Engineers study work on levees

? Despite significant improvements to levees and floodwalls in New Orleans, if Katrina hit again, the city would not be fully protected.

And the lack of a single agency to oversee hurricane protection leaves New Orleans especially vulnerable to disaster the next time a major hurricane strikes.

“Nobody’s in charge,” said Robert G. Traver, an associate professor of civil engineering at Villanova University and one of 14 members of the American Society of Civil Engineers’ external review panel monitoring the work in New Orleans. “There needs to be a single agency or official in charge of levees and pump stations and evacuations – everything.”

The Army Corps of Engineers, with $5.7 billion in federal funds, has rebuilt, raised and strengthened most of the existing system of levees, floodwalls and floodgates. About 220 miles of the 350 miles of levees in New Orleans have been restored to pre-Katrina strength or better.
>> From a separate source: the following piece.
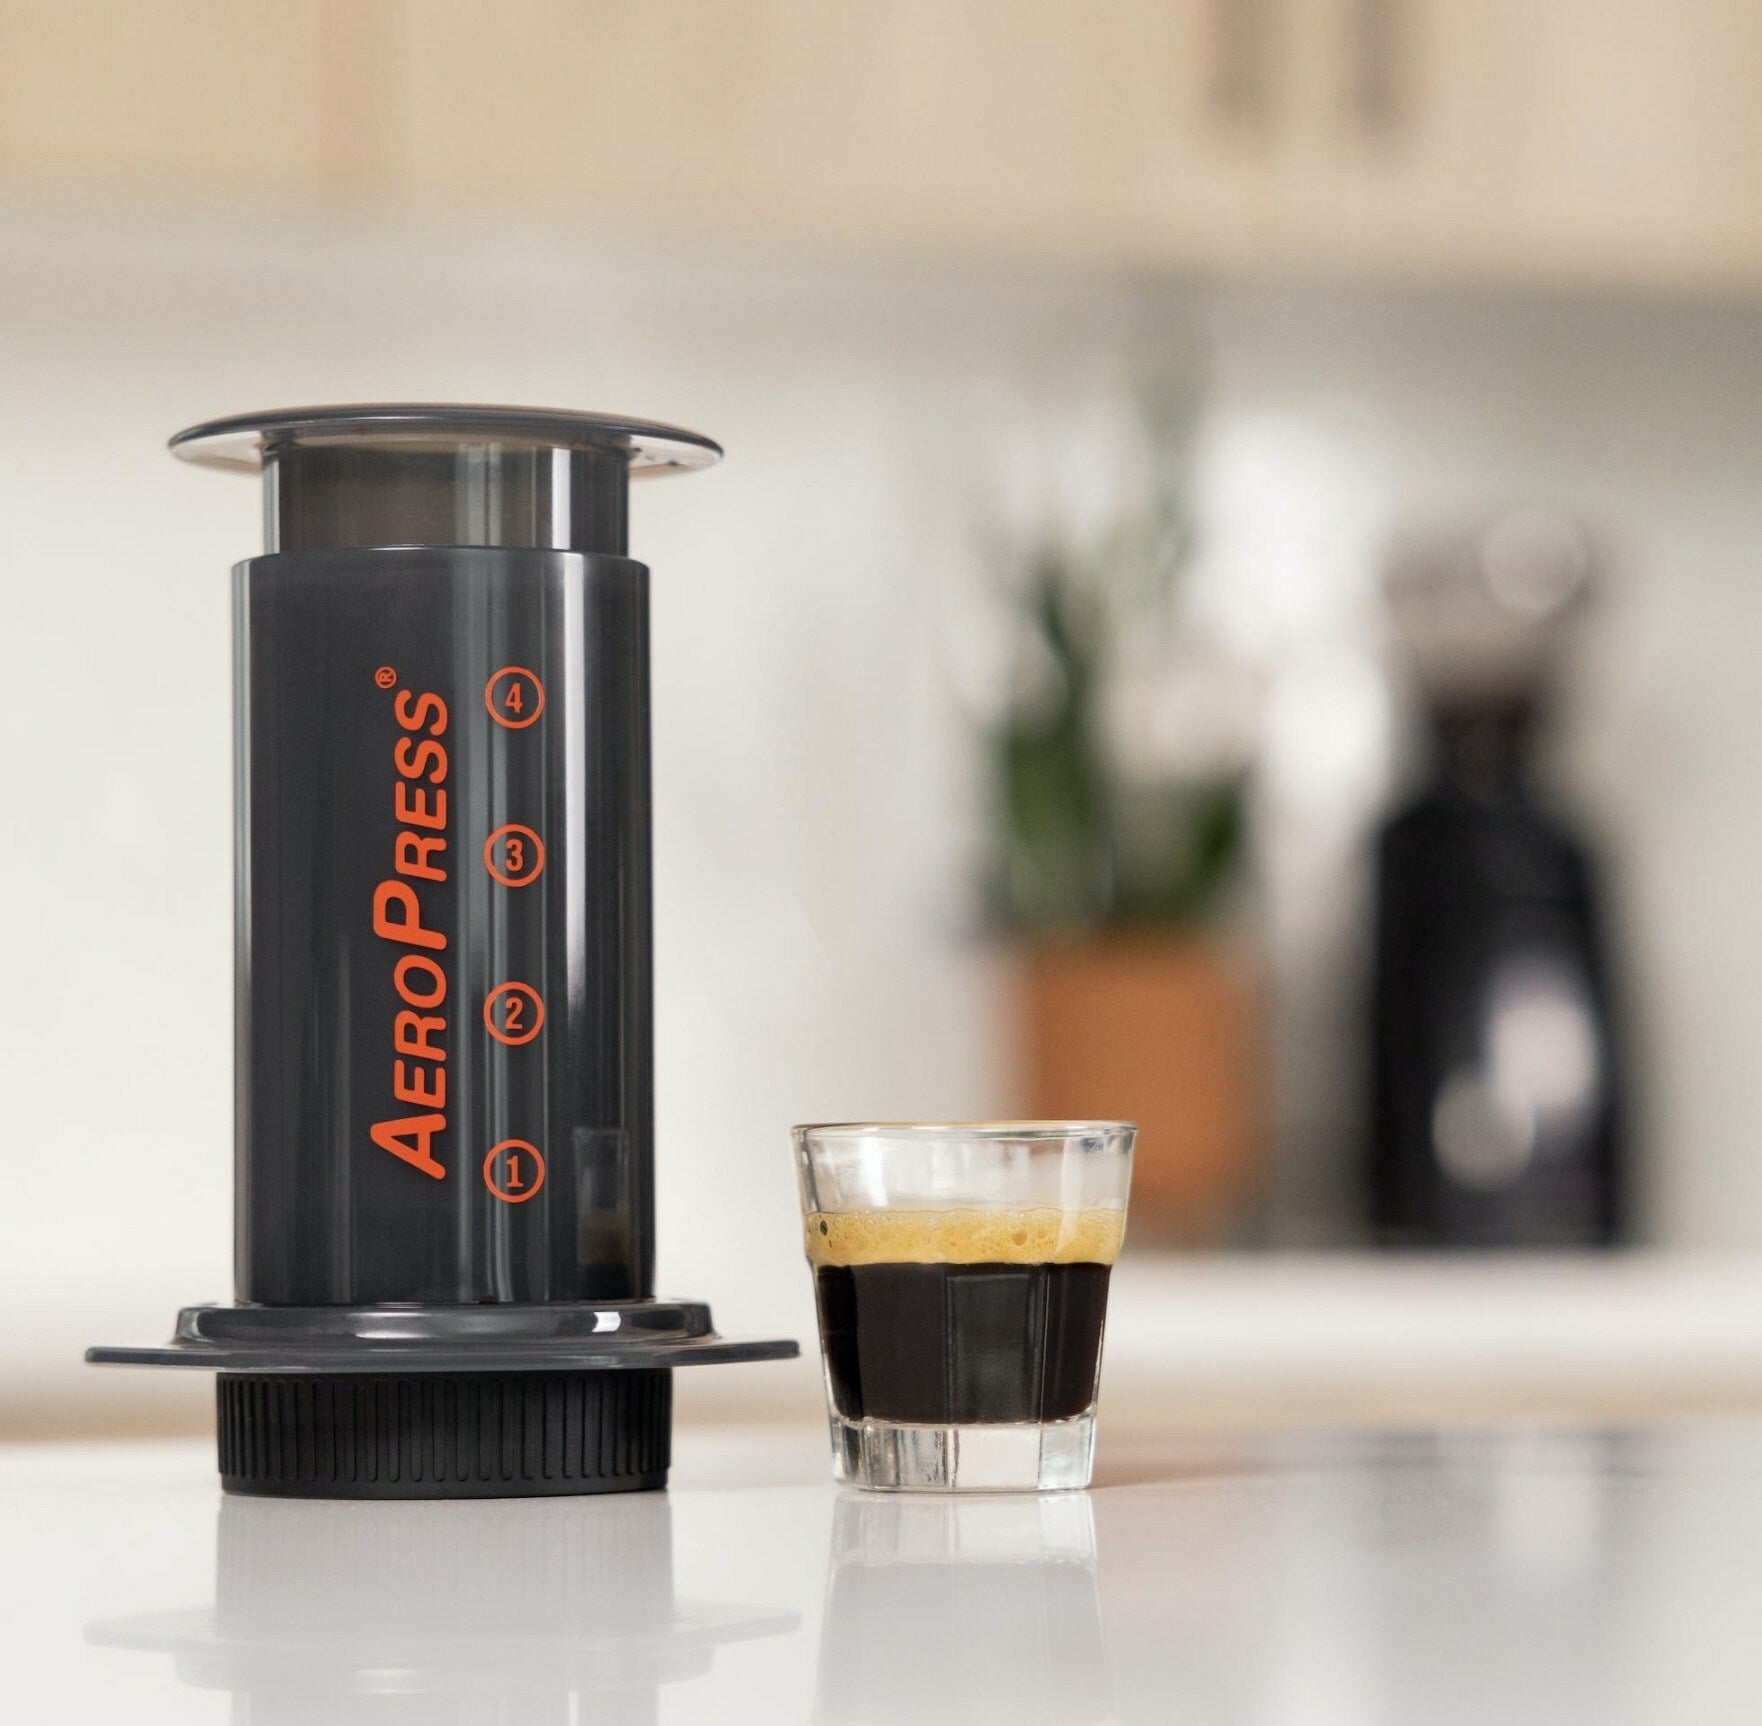 Tapa de filtro Flow Control - AeroPress – Lima con Cafeina
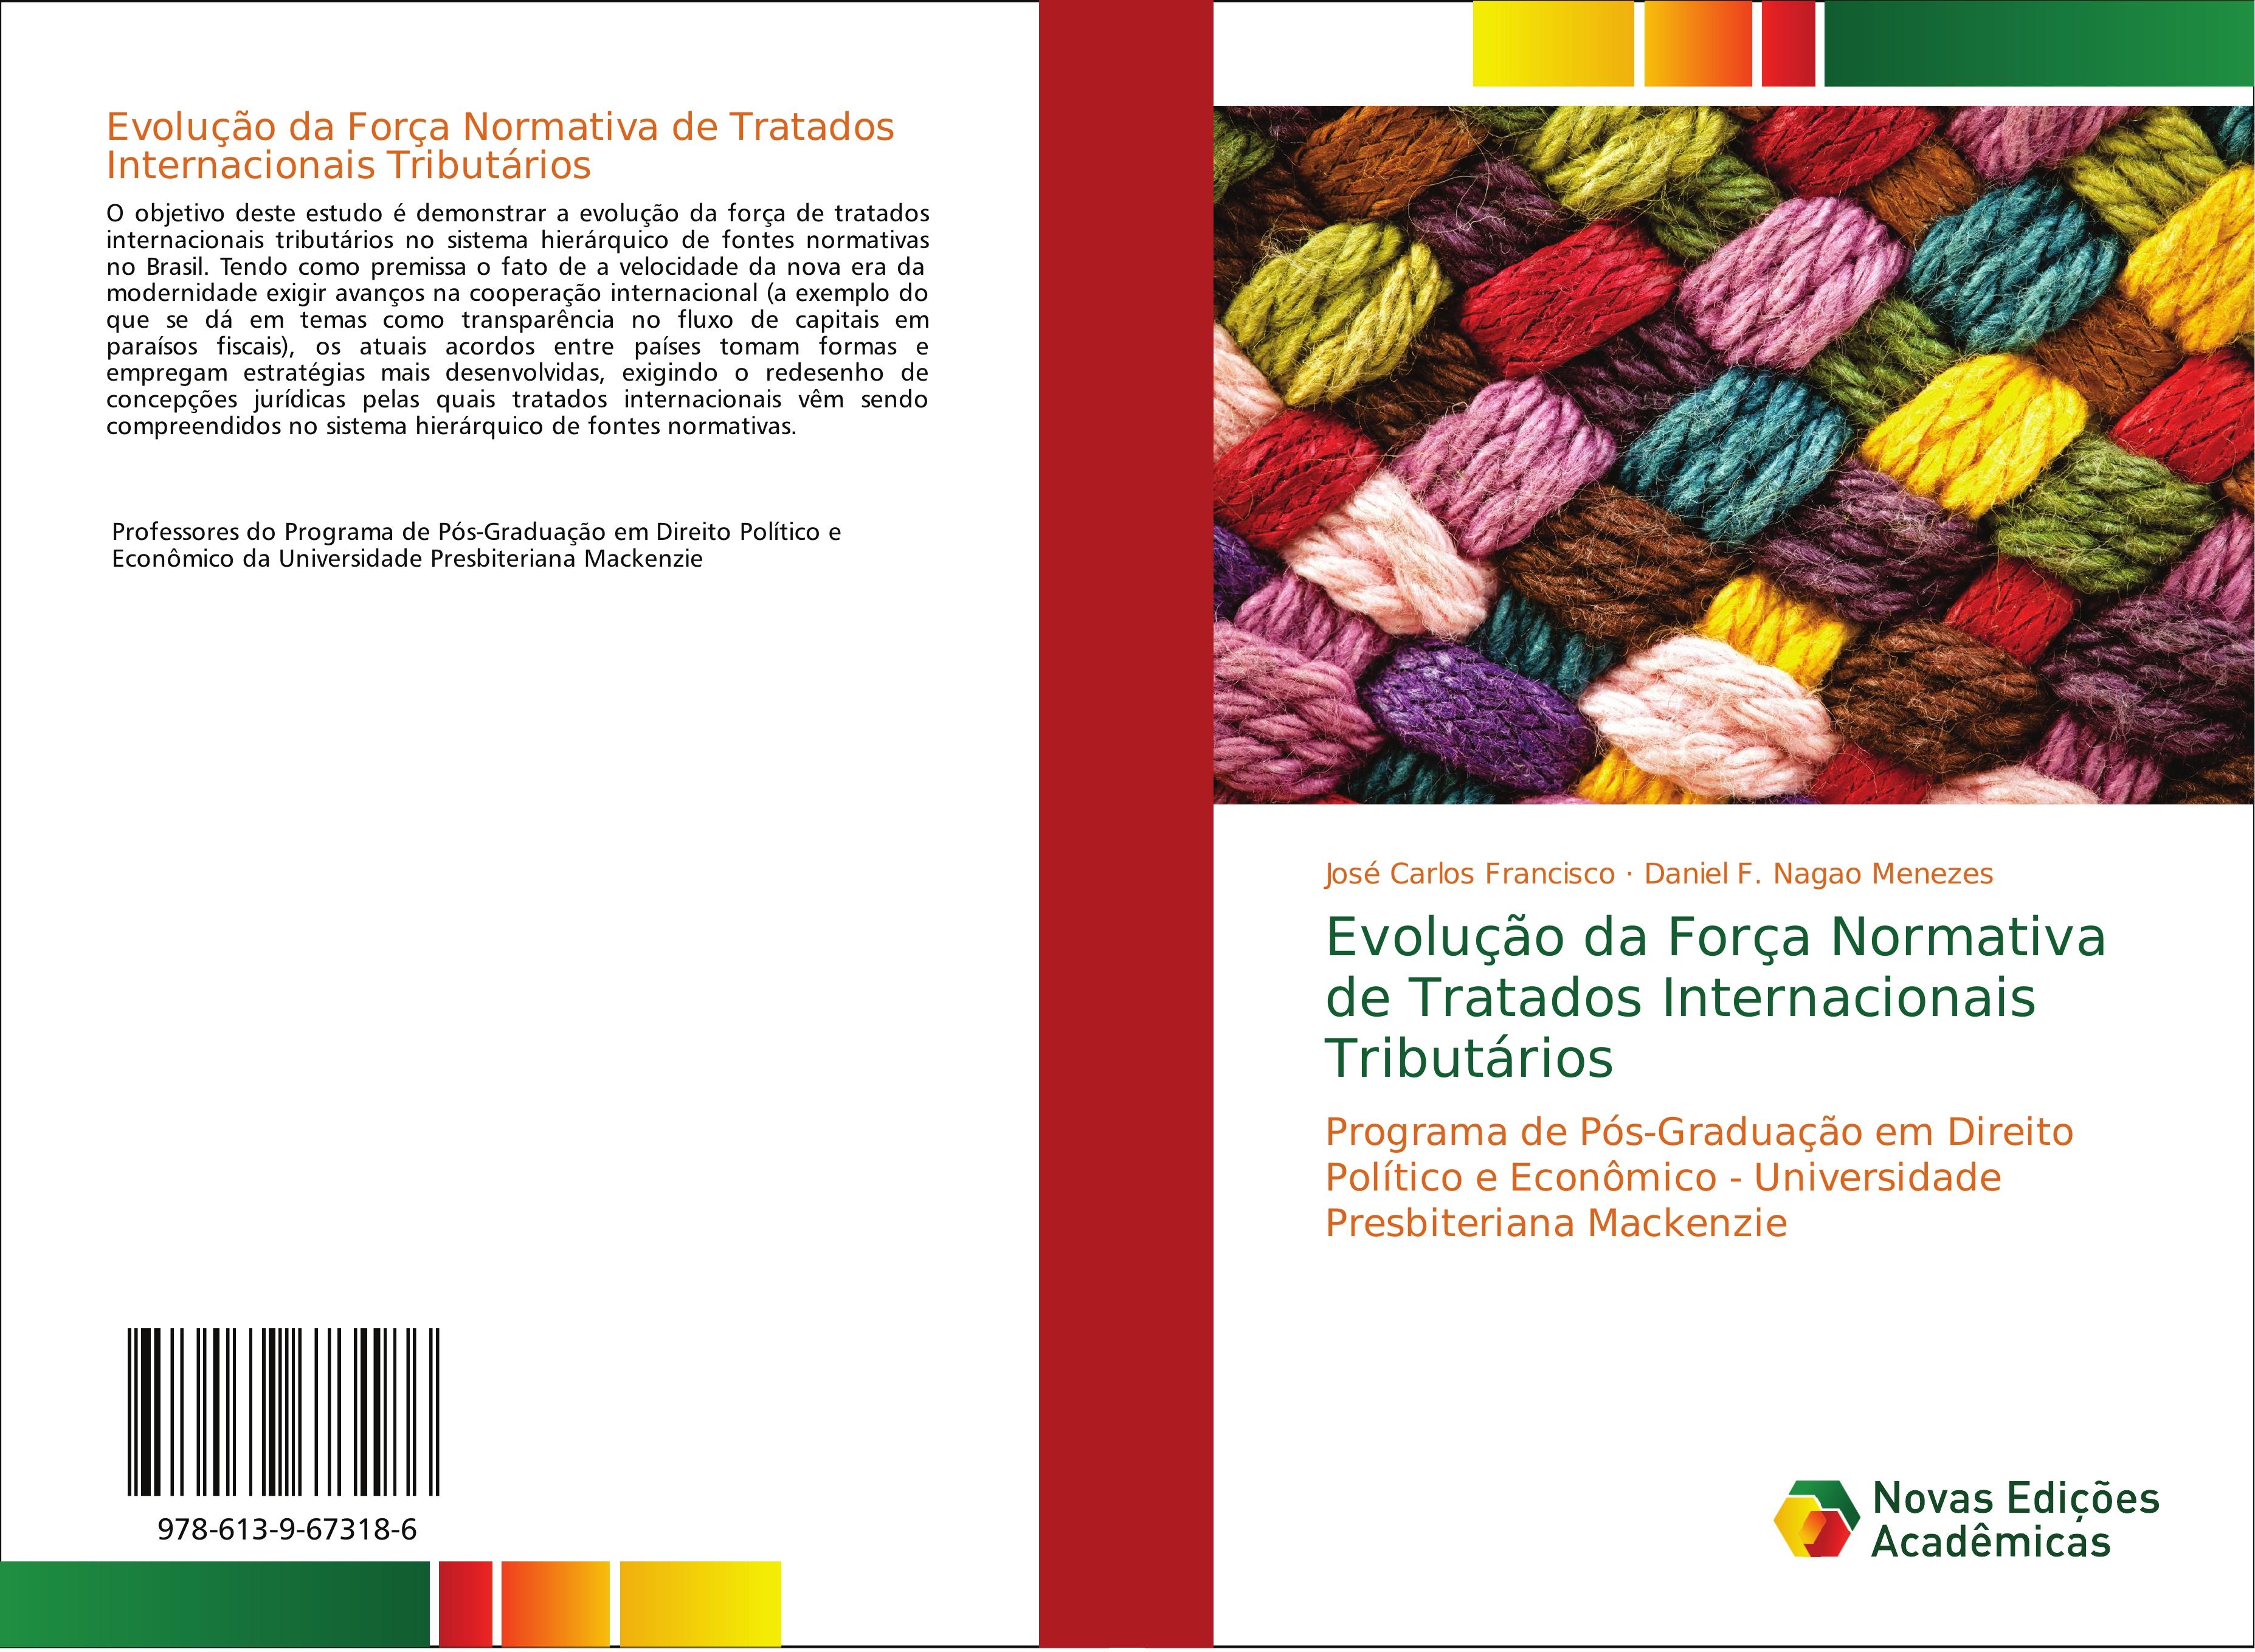 Evolução da Força Normativa de Tratados Internacionais Tributários - José Carlos Francisco Daniel F. Nagao Menezes

The three vulnerable canals overwhelmed by Lake Ponchartrain’s storm surge have been upgraded and isolated.

Such improvements are designed to reduce, but not eliminate, death and destruction in a Katrina-like storm.

If the levees and pumps had not failed during the storm, when they were overtopped by the surge of water, about 800 lives would have been saved, according to analyses by a Corps-commissioned task force. As it was, about 1,400 people died.

By 2010, the Corps says, it will have improved the storm-and-flood protection system that surrounds New Orleans to protect the city against a 100-year storm. Floods are measured by their predicted frequency; a 100-year storm is so severe that it is estimated to have a 1 percent chance of occurring in any given year.

In New Orleans, there is no plan to make the levees and floodwalls high enough and strong enough to protect against a Category 5 hurricane, one with winds greater than 155 mph winds and storm surges greater than 18 feet above normal.

Only three Category 5 hurricanes have hit the U.S. since records began: The Labor Day Hurricane of 1935, Hurricane Camille in 1969 and Hurricane Andrew in August in 1992. Although Katrina reached Category 5 in the Gulf of Mexico, it was a Category 3 hurricane by the time it hit the northern Gulf coast. Its storm surge remained at the level of a Category 5 storm.

Congress has directed the Corps of Engineers to present a plan by December 2007 for protecting Louisiana from a Category 5 hurricane.